El drama de la emigración





El eterno drama de la emigración ha saltado a los titulares de la actualidad por la tragedia síria. Hemos de distinguir la emigración forzada por la guerra y la penuria de la emigración voluntaria por aprovechar oportunidades de trabajo u otras razones, familiares, afectivas, de estudio.... Los españoles conocemos bien las tres. La guerra civil expulsó oleadas de españoles que, fundamentalmente, fueron acogidos en Francia, Méjico y Rusia. Si inicialmente fueron internados en campos de refugiados en Francia y Argelia, quienes llegaron a Méjico terminaron potenciando las artes, las letras y la economía mejicana y de los que estuvieron en Argelia, un grupo de tanquistas españoles participaron en la liberación de Paris a las órdenes del general Leclair.

Durante la posguerra la emigración a centro-Europa de españoles por la falta de recursos y de trabajo en España, contribuyó al desarrollo de sus países de acogida y volvieron a España con experiencia y disciplina de trabajo que aportaron al desarrollo industrial español de las décadas de industrialización que siguieron, además de traer algunos ahorrillos que permitieron a más de uno establecerse como trabajadores autónomos.

En épocas anteriores, los numerosos españoles que emigraron, fundamentalmente a América y Filipinas, contribuyeron a la formación de numerosas naciones.

En toda época ha habido emigrantes, Jesus de Nazareth fue emigrante y refugiado en Egipto.
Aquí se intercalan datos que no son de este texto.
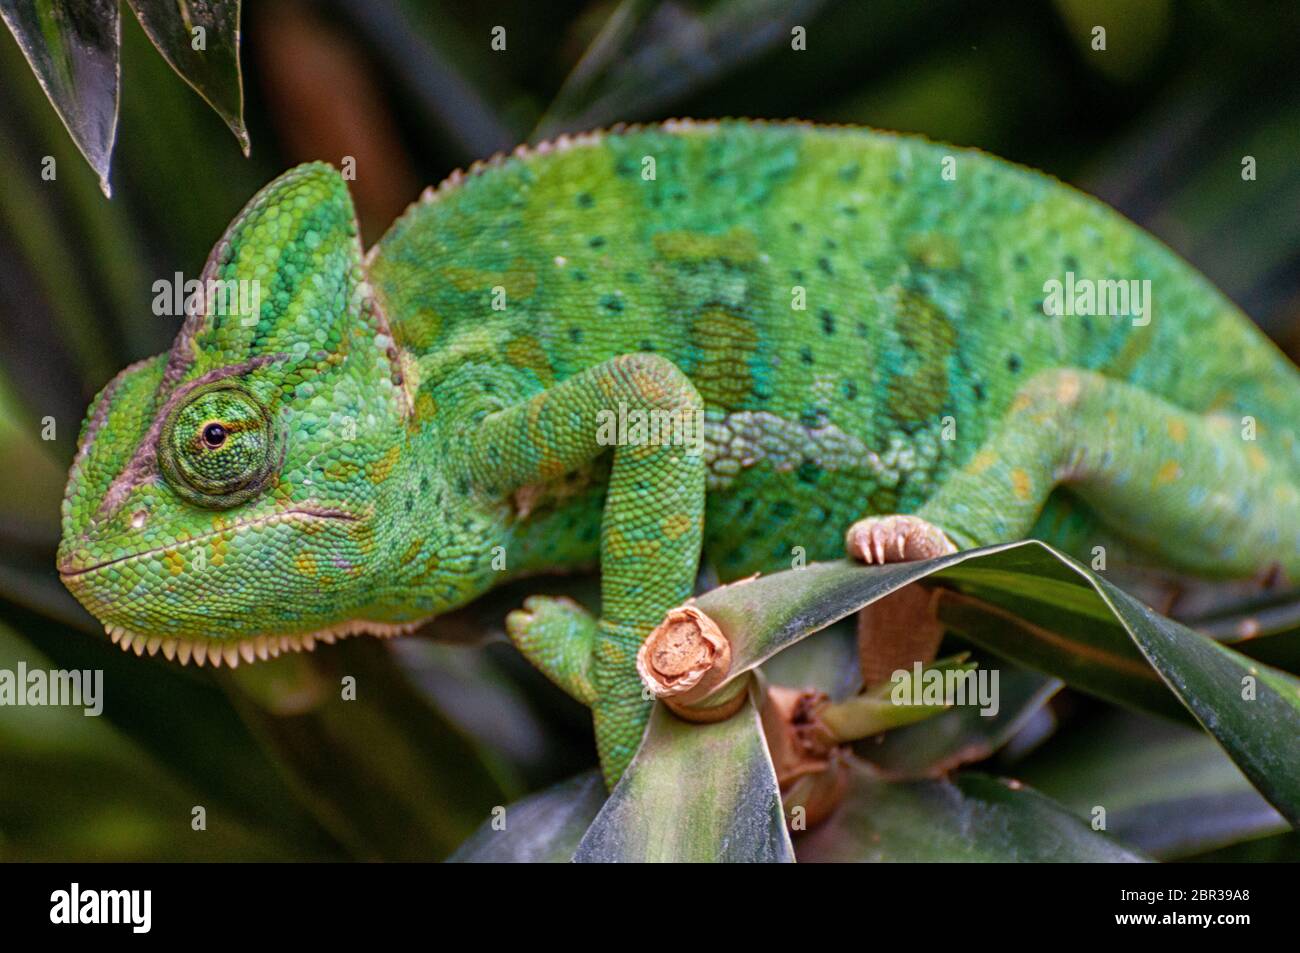 une panthère verte chameleon sur une feuille Banque D'Images
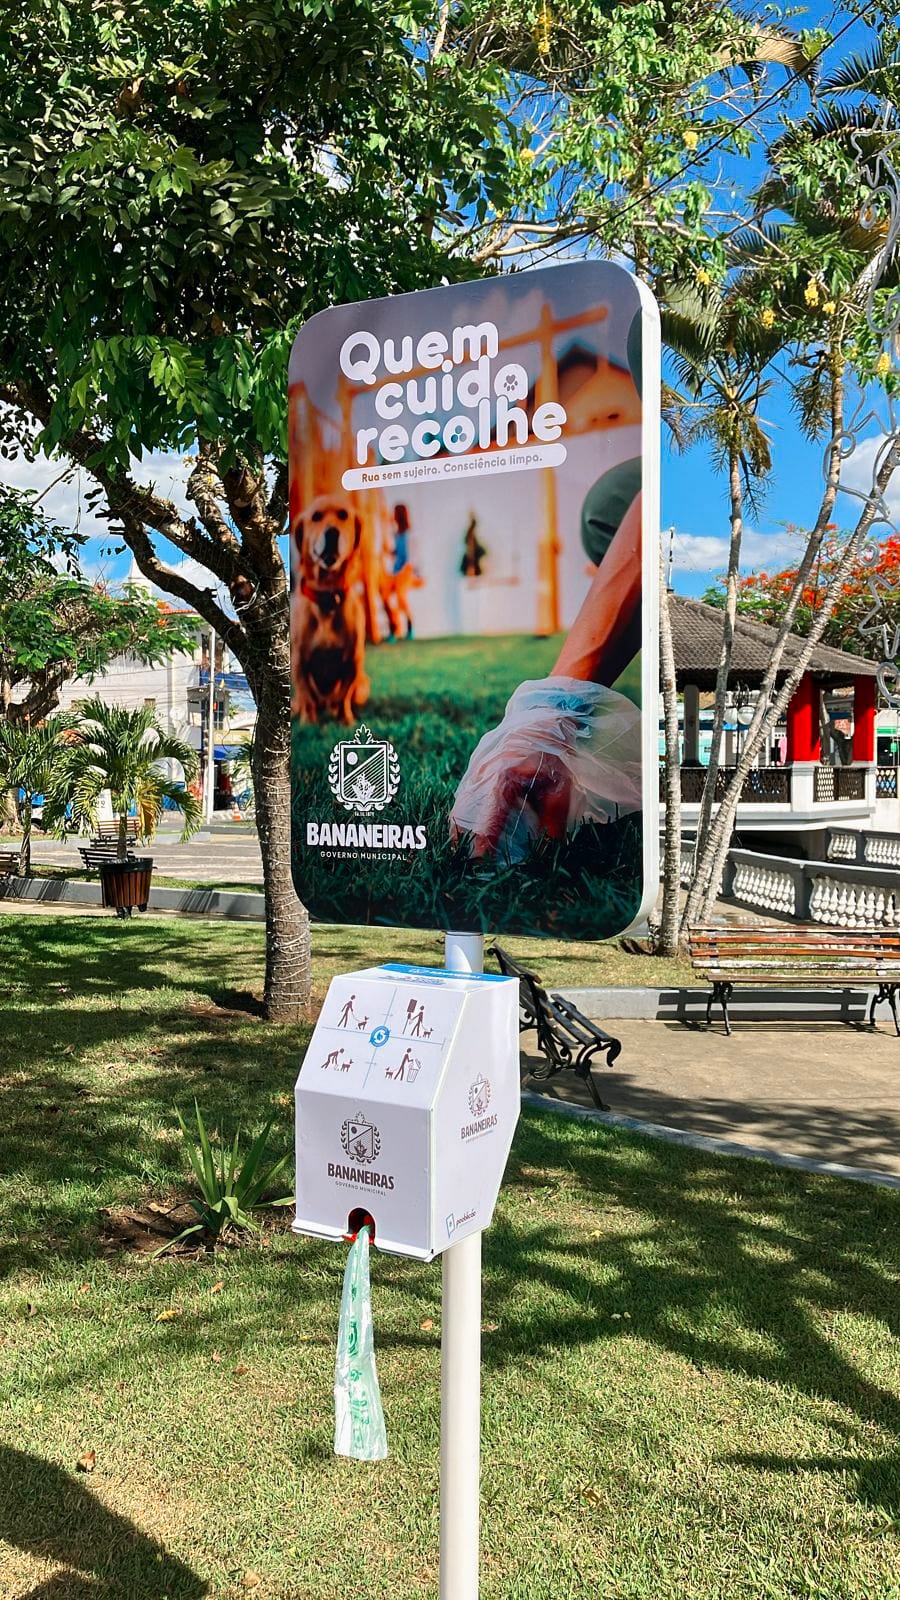 Prefeitura lança a Campanha “Quem cuida recolhe” e instala dispensers cata caca, em locais estratégicos do município

Muchos emigramos por aprovechar una oferta de trabajo en el extranjero. Yo mismo tuve mi primera oferta de trabajo fijo en Los Ángeles y la multinacional para la que trabajaba me trasladó luego a Nueva York, después a Londres y, desde allí, me hizo recorrer varias ciudades europeas. Contribuí a la coordinación de las operaciones europeas de la empresa, integrando la operativa y los sistemas entre los diferentes países del continente, incluida Yugoslavia y, de regreso a España, la experiencia me permitió trabajar como consultor de múltiples empresas nacionales que se beneficiaron de mi experiencia internacional. Emigrante fui y cuatro de mis cinco hijos han emigrado a otros paises. Una hija ha vuelto tas seis años fuera de España, pero los otros siguen contribuyendo a la prosperidad de sus paises de residencia y dos han creado prósperas empresas donde viven.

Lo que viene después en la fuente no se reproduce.